O ancião ficou branco repentinamente e foi com
dificuldade que perguntou:
— Do que a senhorita está falando?
— O senhor ainda não sabe do que estou falando?
— Não... Claro que não.
— Sim John Charles — disse Pearson amavelmente. —
Sabemos que Miles antes de morrer já tinha dado ordens
para o futuro presidente do Conselho ser assassinado. É
verdade que não sabe do que estamos falando?
— Não.
— Sendo assim, seria um absurdo se prolongar a visita —
disse Brigitte levantando-se. — Não quer pelo menos
alguma explicação?
— Não. Estou aposentado e não me interesso pelos
problemas dos que estão na ativa.
— Nós sabemos que o senhor é o homem que tencionam
matar e podemos protegê-lo...
— Não, não. Estão enganados — disse Sir John
cortesmente.
— Obrigada por ter-nos recebido — sorriu Brigitte,
levantando-se.
Saíram em poucos minutos acompanhados por um dos
criados.
Entraram no carro e partiram. Quando passavam peio
jardim viram dois jardineiros cuidando de um pé de abeto.
— Talvez nos tenhamos enganado a seu respeito, mas de
qualquer modo, organizarei uma proteção para esse ancião.
— Talvez a ideia inicial do Conselho não fosse má, mas
acabou sendo desvirtuada pela ambição dos homens. Talvez
esse fosse o caso de Indro Galilei e talvez de Sir John
Charles. Não creio que o ancião desejasse viver os últimos
anos de sua vida compondo canções de amor.
Brigitte calou-se de repente em seguida, exclamou:
— John, os jardineiros!
Pearson não disse uma palavra, freou e deu a volta,
empreendendo o regresso a toda velocidade.
Estava a trezentos quilômetros da casa de Sir John
Waldorf quando ocorreu a explosão.
ESTE É O FINAL
— E finalmente resolveram tudo? — perguntou Simon-
Nipoulos.
— Chegamos a tempo para caçar os criminosos. Ficaram
que nem coelhos picadinhos.
— Talvez fosse mais interessante caçá-los vivos.
— Eu e meu amigo Pearson não colecionamos animais
insignificantes. E você como está? Está aproveitando Capri?
— Nem toque neste assunto!
— Sente-se como se fosse um imperador romano?
O agente olhou a sua volta. Estava em um terraço
magnífico do qual podia ver o Mar Mediterrâneo. Sentia-se
como um dos Simons mais bajulados dentro da CIA e agora
para culminar, mas como um ser humano que é amado por
outro ser humano.
— Você que é feliz. Só passei aqui para vê-lo porque vou
a...
— Não me diga que já vai embora?
— Prometi a um amigo que no domingo iria encontrar-
me com ele.
— Não adianta mais porque hoje já é segunda-feira.

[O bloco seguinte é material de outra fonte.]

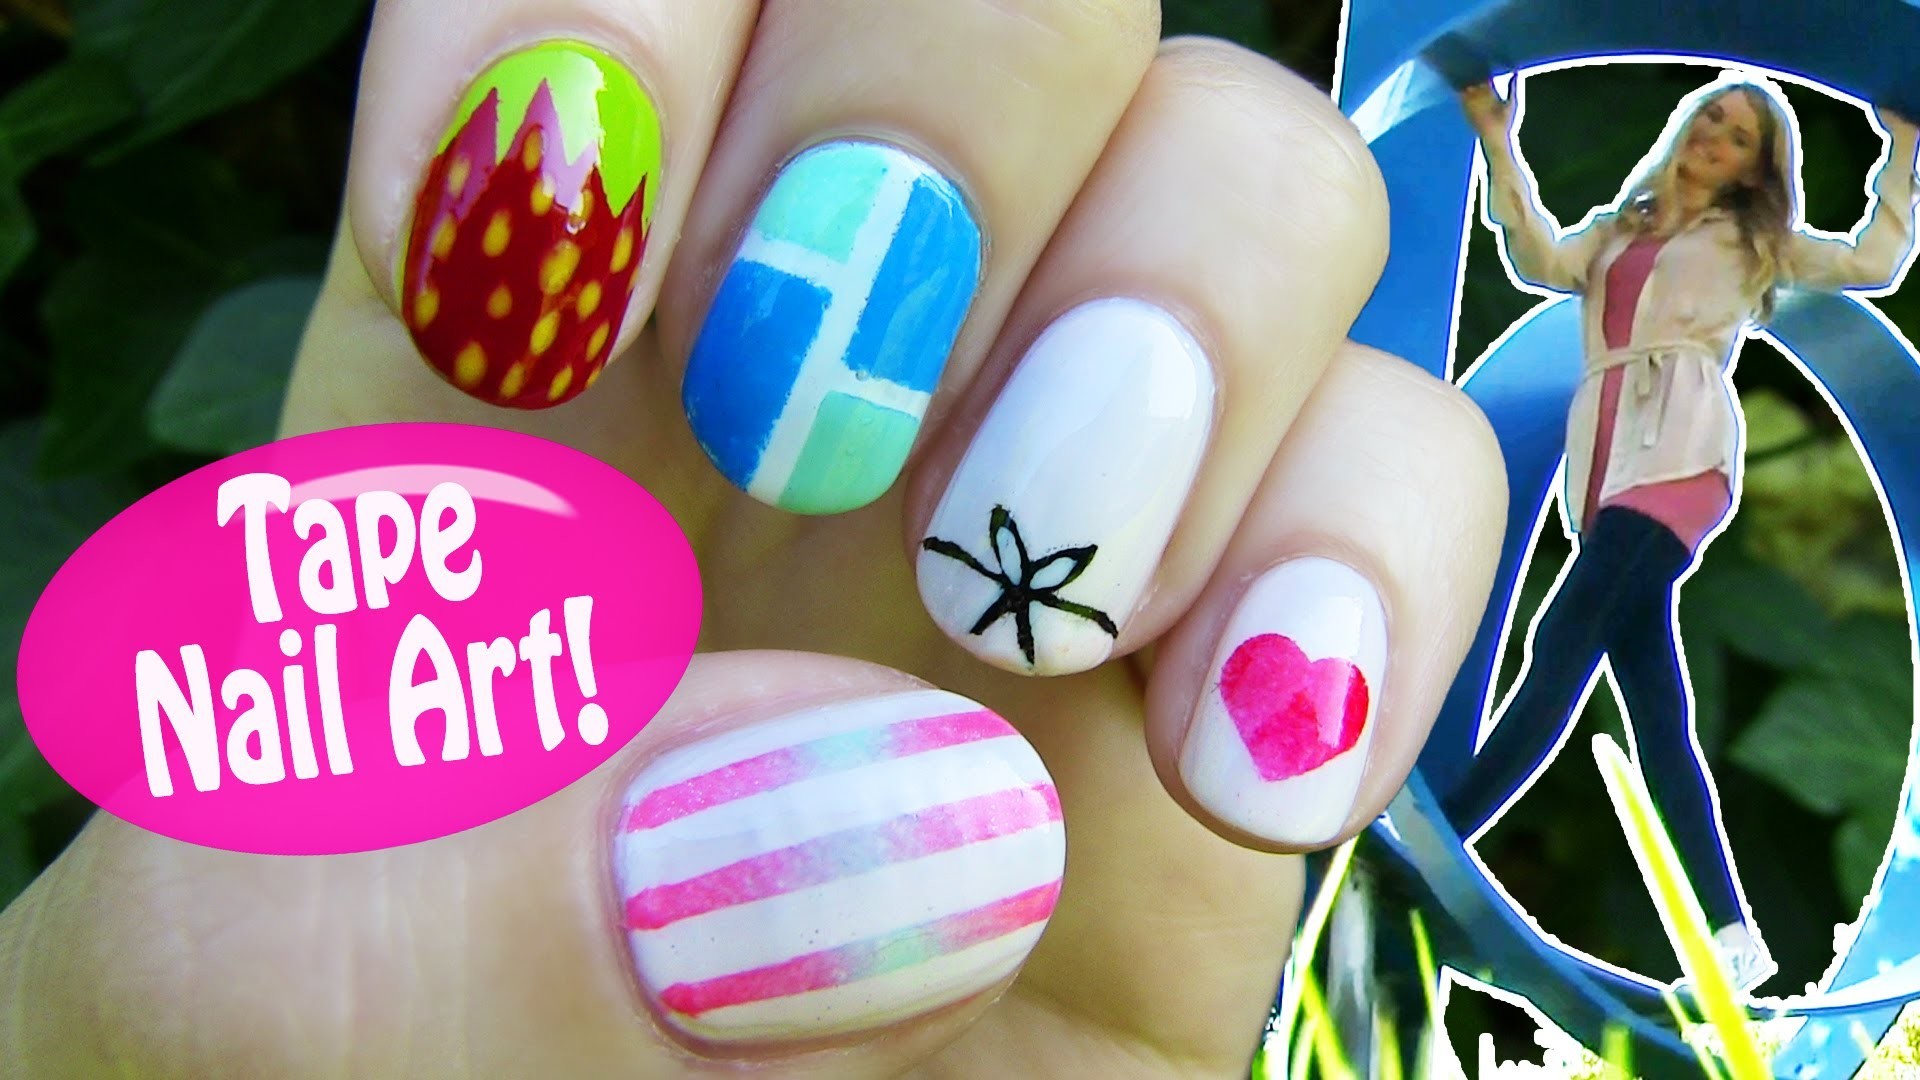 5. Nail Art Tutorial with Nail Art Tape - wide 1

— Puxa! Cheguei a perder a noção dos dias! Sei que
Frankie vai ficar uma fera, mas vou passar dois dias aqui em
Capri... recordando aventuras passadas! Sabe de uma coisa,
Simon? Eu também adoro Capri! Você nem pode imaginar
os dias que já vivi aqui!1

1
Ver aventura de número 35: Episódio em Capri.